24 comments to Yellow-rumped Warblers – What A Difference The Setting Can Make!

  • Alice Beckcom

    I’m sure that my view is different than many others, if not all, about the first photo. However, I like the first picture and background the most. The twig has colors orange/yellow that accent the birds tones in its wing.

    The 2nd and 3rd photos have absolutely great colors and enhance the colors of the bird in a different way.

    In the 3rd photo, I also think that the background enhances the colors in the bird and love seeing the legs and feet.

    Thank you, Ron

  • April Olson

    I love the beautiful warm browns

  • Love the autumnal shades – but would be over the moon to get any of those shots.
    So happy to hear that Shannon and her family weren’t caught up in the latest obscenity.

    • Laura Culley

      Obscenity…that’s the right word! I’m only a little more than an hour’s drive from there. I’d thought about going to a Judy Collins/Stephen Stills concert there, but have rethought that. But the reality is we’re not safe anywhere now.

    • Thank you, EC. It was pretty tense around here for a while.

  • Laura Culley

    There’s only so much you can do with a dead/dying tree/branches as a background. Like everybody else, I prefer the last two shots because of the far more interesting (to me) colors and shadings.
    I’m always amazed at the folks who think (actually BELIEVE) that birds can’t do facial expressions! Seriously? REALLY? They can’t see that blatantly obvious dubiousity? (Yes, I’ve made up a word–I’m a seasoned profession. Do NOT try this at home. LOL!) Clueless folks are so annoying!
    When I first read your comments, I thought you meant camera settings, and while I wouldn’t understand it even if you explained it in kindergarten-level simplicity, that’s where I thought you were going with this one. I GET background settings, so all is good.
    Once again, you ROCK!
    Delighted that Shannon and family are safe…well, as safe as a person CAN be in this country!

  • Patty Chadwick

    Like all three images ,but last two are definitely more appealing….for all the reasons you stated….

  • Dick Harlow

    Great images Ron.
    As a biologist I’m not fussy, generally, about picture settings for birds unless there is a ton of stuff deflecting the image. Therefore, I have never (so far) had a problem with any of your settings on your posts. I feel that way because of your honesty, I trust you! I have a real problem with made-up poses for wildlife unless the photographer is forth coming about their settings. And, I don’t see any reason not to have natural settings in filed guides or books. Just my bias.

  • Susan Stone

    Those sienna/cinnamon tones make for a really nice background for this bird. The background colors actually pick up colors in the bird that I wouldn’t otherwise notice. And I love the dubious look in the last shot.

  • Marty K

    Love the warm browns in the background. He’s definitely giving you “the eye” in that last shot. 🙂

  • frank sheets

    Fall colors and the warbler is fluffed up. Winter is coming. The later two images tell a story that the first one doesn’t. Whether its a true story or not. Nice!

  • Judy Gusick

    “Setting” sure makes a difference. 🙂 Bird on a stick is OK for the “bird books”, BUT much prefer the 2nd and 3rd shots which are wonderful!

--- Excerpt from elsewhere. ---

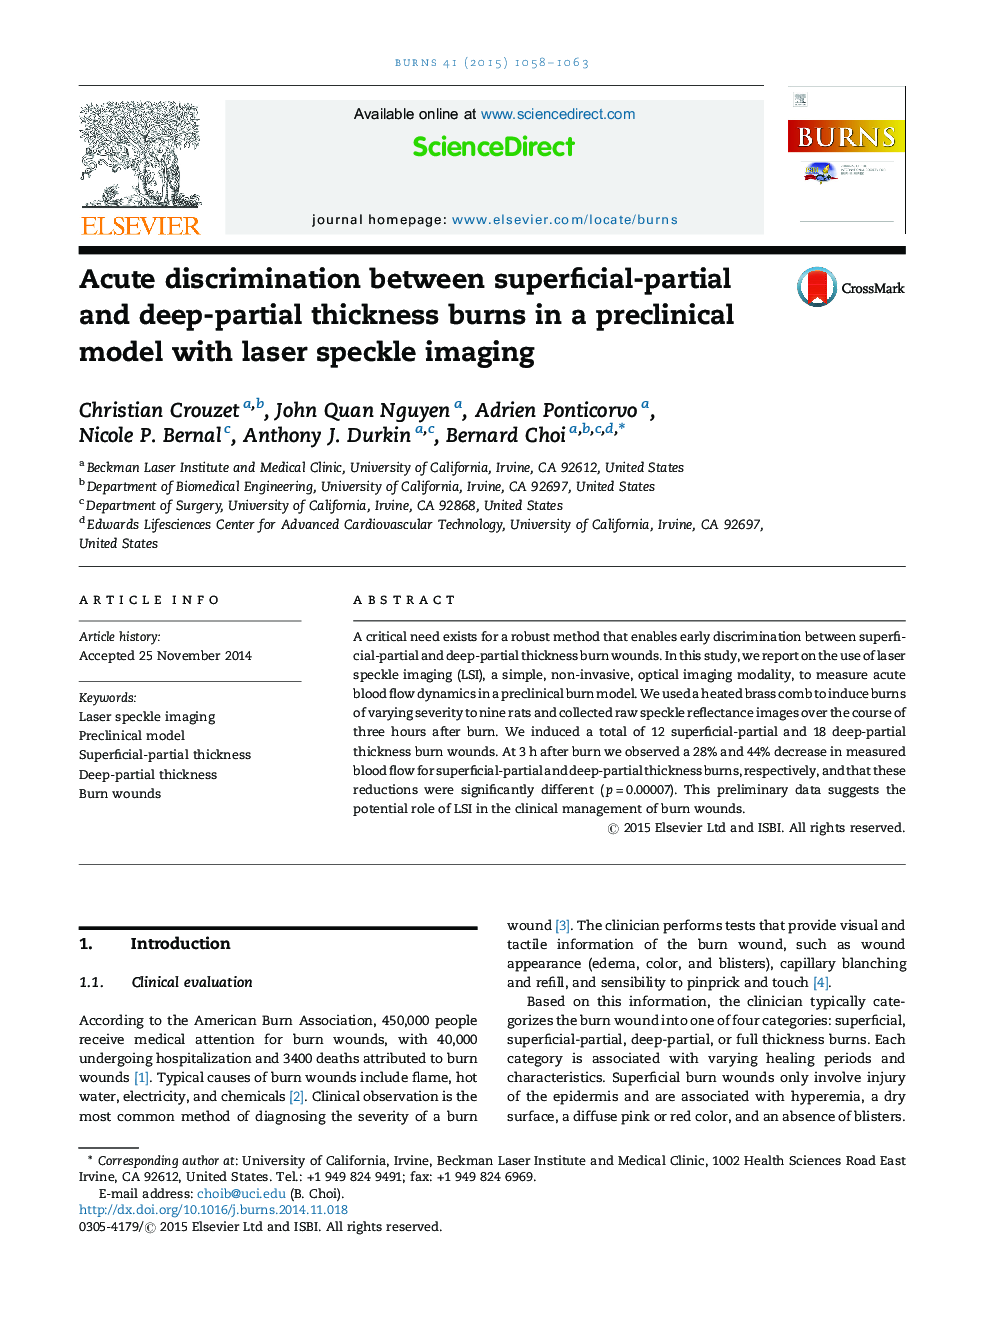 Acute discrimination between superficial-partial and deep-partial thickness burns in a preclinical model with laser speckle imaging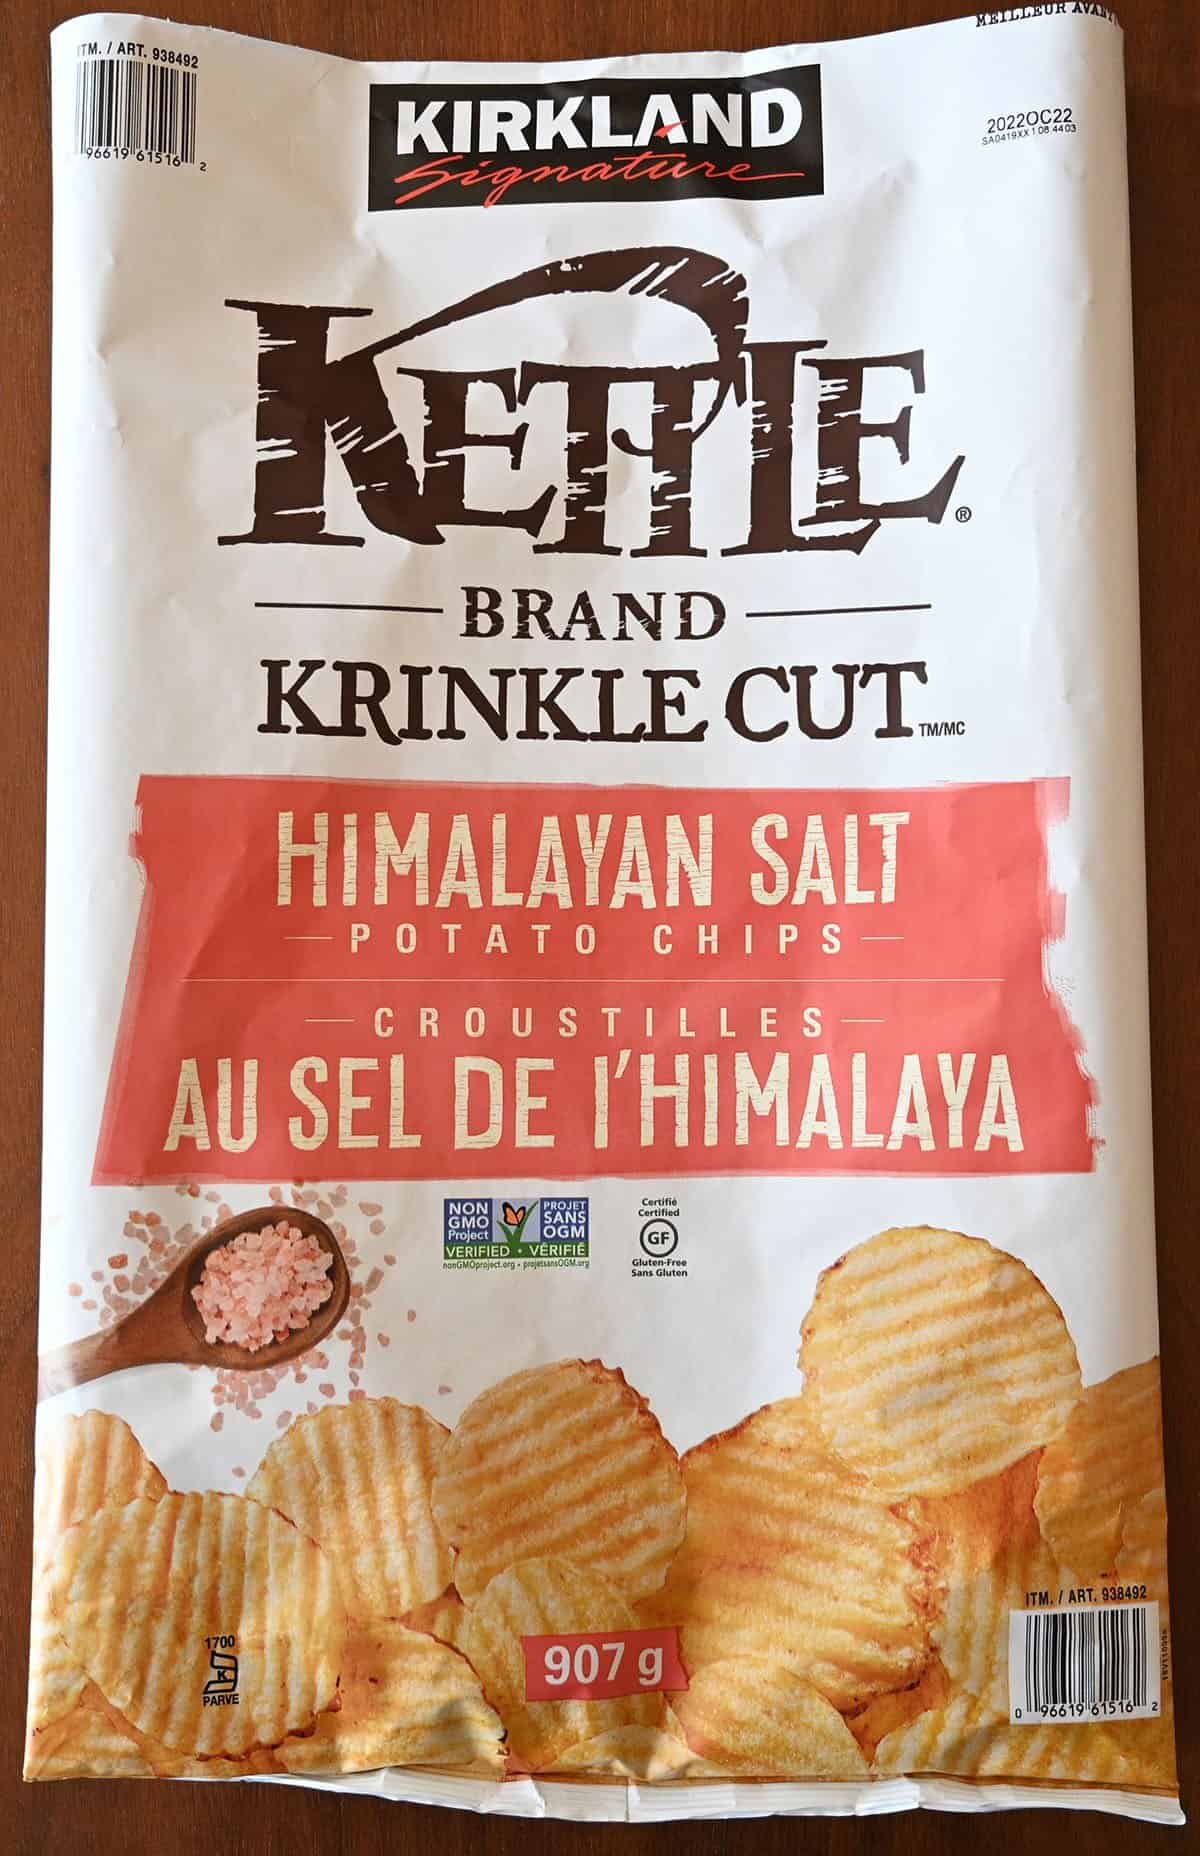 Close up image of the Costco Kirkland Signature Kettle Brand Potato Chips with the chips removed and bag flattened.

I wasn’t aware Shannon was in Las Vegas tho knew she’d left Florida. “Tense” is an understatement until you could reach her! Off we go on gun control – again – and guns and ammo will be flying out of the stores – again – neither safe nor productive when that starts happening.

    • Thank you, Judy. I agree.

      Yes, I had three very tense hours early Monday morning before I heard from Shannon and family (who now live in Vegas) and found out they were safe. They attend a lot of musical events and their tastes are eclectic so I was very worried. Shannon’s husband actually drove right in front of the Mandalay Bay Hotel a short time before the shooting as he was on his way home from the airport.